To get the quibble out of the way, profits and earnings - themselves two-fifths higher - were flattered by the seasonality of acquisitions. For the full year the increase is likely to be closer to 25 per cent.
That aside, the view from Coronation Street is as rosy as it has been since 1991, when the company was swamped with debt, saddled with a disastrous computer services arm and faced with the worrying possibility that it might lose its North-west TV franchise.
All divisions increased their profits, the balance of the group is better, cash flow is strong and the new additions to the group are adapting to the Granada mould more quickly than expected.

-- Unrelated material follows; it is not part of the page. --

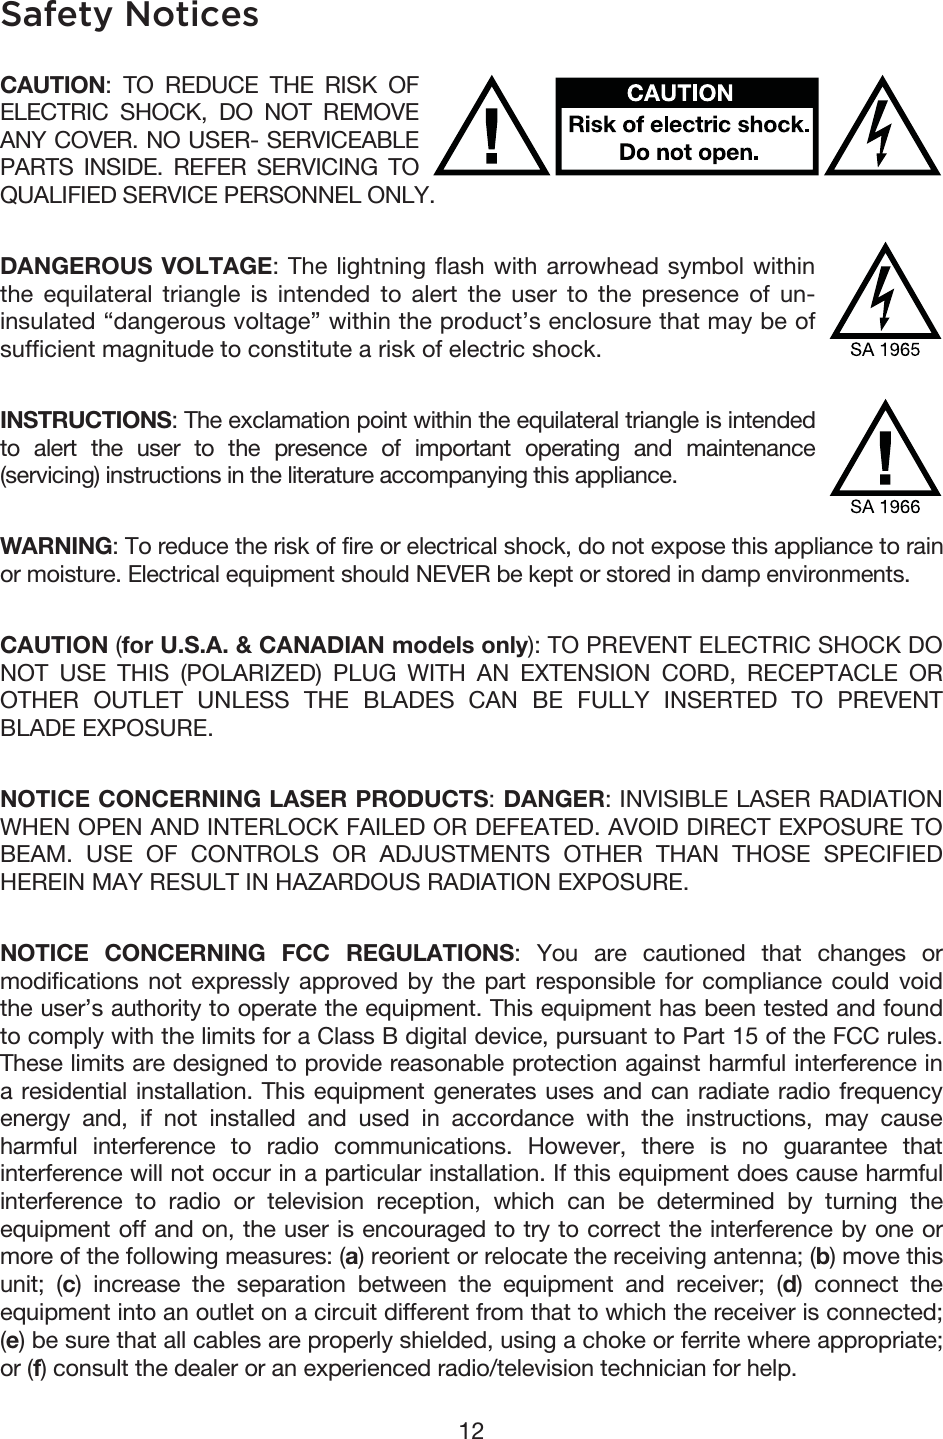 12 Safety Notices CAUTION: TO REDUCE THE RISK OF ELECTRIC SHOCK, DO NOT REMOVE ANY COVER. NO USER- SERVICEABLE PARTS INSIDE. REFER SERVICING TO QUALIFIED SERVICE PERSONNEL ONLY. DANGEROUS VOLTAGE: The lightning flash with arrowhead symbol within the equilateral triangle is intended to alert the user to the presence of un-insulated “dangerous voltage” within the product’s enclosure that may be of sufficient magnitude to constitute a risk of electric shock. INSTRUCTIONS: The exclamation point within the equilateral triangle is intended to alert the user to the presence of important operating and maintenance (servicing) instructions in the literature accompanying this appliance. WARNING: To reduce the risk of fire or electrical shock, do not expose this appliance to rain or moisture. Electrical equipment should NEVER be kept or stored in damp environments. CAUTION (for U.S.A. &amp; CANADIAN models only): TO PREVENT ELECTRIC SHOCK DO NOT USE THIS (POLARIZED) PLUG WITH AN EXTENSION CORD, RECEPTACLE OR OTHER OUTLET UNLESS THE BLADES CAN BE FULLY INSERTED TO PREVENT BLADE EXPOSURE. NOTICE CONCERNING LASER PRODUCTS: DANGER: INVISIBLE LASER RADIATION WHEN OPEN AND INTERLOCK FAILED OR DEFEATED. AVOID DIRECT EXPOSURE TO BEAM. USE OF CONTROLS OR ADJUSTMENTS OTHER THAN THOSE SPECIFIED HEREIN MAY RESULT IN HAZARDOUS RADIATION EXPOSURE. NOTICE CONCERNING FCC REGULATIONS: You are cautioned that changes or modifications not expressly approved by the part responsible for compliance could void the user’s authority to operate the equipment. This equipment has been tested and found to comply with the limits for a Class B digital device, pursuant to Part 15 of the FCC rules. These limits are designed to provide reasonable protection against harmful interference in a residential installation. This equipment generates uses and can radiate radio frequency energy and, if not installed and used in accordance with the instructions, may cause harmful interference to radio communications. However, there is no guarantee that interference will not occur in a particular installation. If this equipment does cause harmful interference to radio or television reception, which can be determined by turning the equipment off and on, the user is encouraged to try to correct the interference by one or more of the following measures: (a) reorient or relocate the receiving antenna; (b) move this unit; (c) increase the separation between the equipment and receiver; (d) connect the equipment into an outlet on a circuit different from that to which the receiver is connected; (e) be sure that all cables are properly shielded, using a choke or ferrite where appropriate; or (f) consult the dealer or an experienced radio/television technician for help.

Profits from television received a helpful one-month boost from LWT in March, but the underlying picture is one of higher volumes of programme sales, better prices and a long overdue rise in advertising revenue.

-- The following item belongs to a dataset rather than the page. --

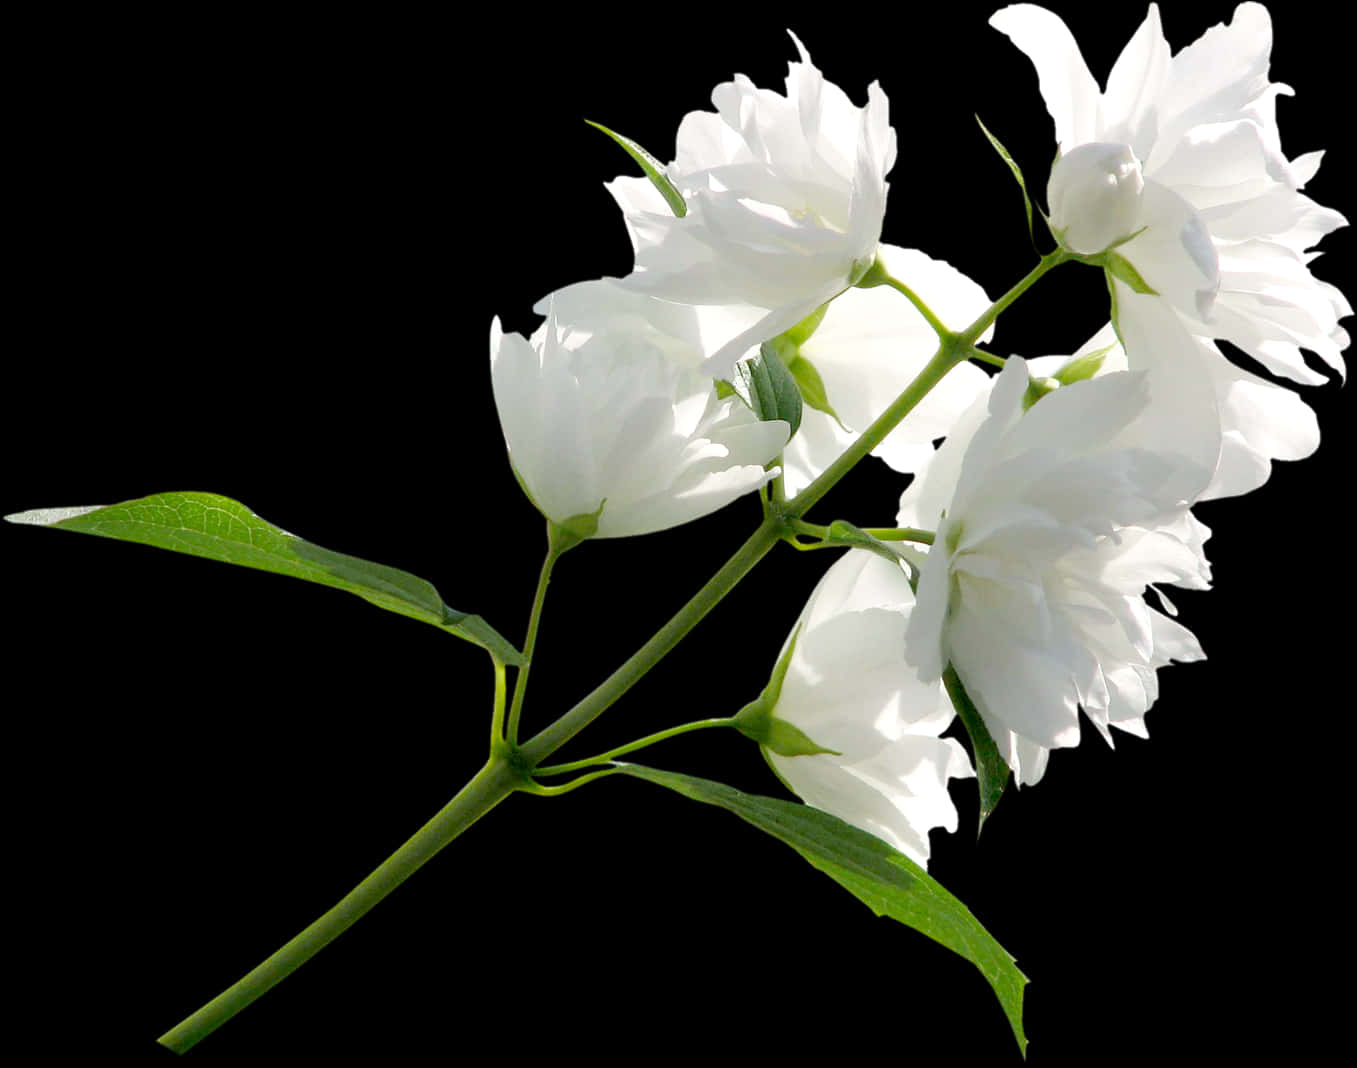 A White Flowers On A Stem

That is vital in a business with high operational gearing, and as the synergies of the two regional stations emerge the relative cost base will fall further. After all, margins at last year's acquisition - the contract caterer Sutcliffe - rose from 4 to 7 per cent.
The third bright spot, leisure, saw profits motoring ahead by 38 per cent as higher volumes washed over the division's largely fixed cost base.
With a third of profits coming from the cash-generative but declining rental side and a third from the improving television arm, Granada should be able to grow profits sharply over the next couple of years and eliminate its 70 per cent gearing by 1997.
On forecast profits from Paribas of pounds 260m for the year to September and pounds 317m the following year, the shares, having fallen 18 per cent so far this year, trade on a prospective price/earnings ratio of 16, falling to 14.
Some retreat after previously powerful share price outperformance was inevitable. But a small premium to the average market rating is fair after the past two years' achievements by the current Granada management. Buy at 501p.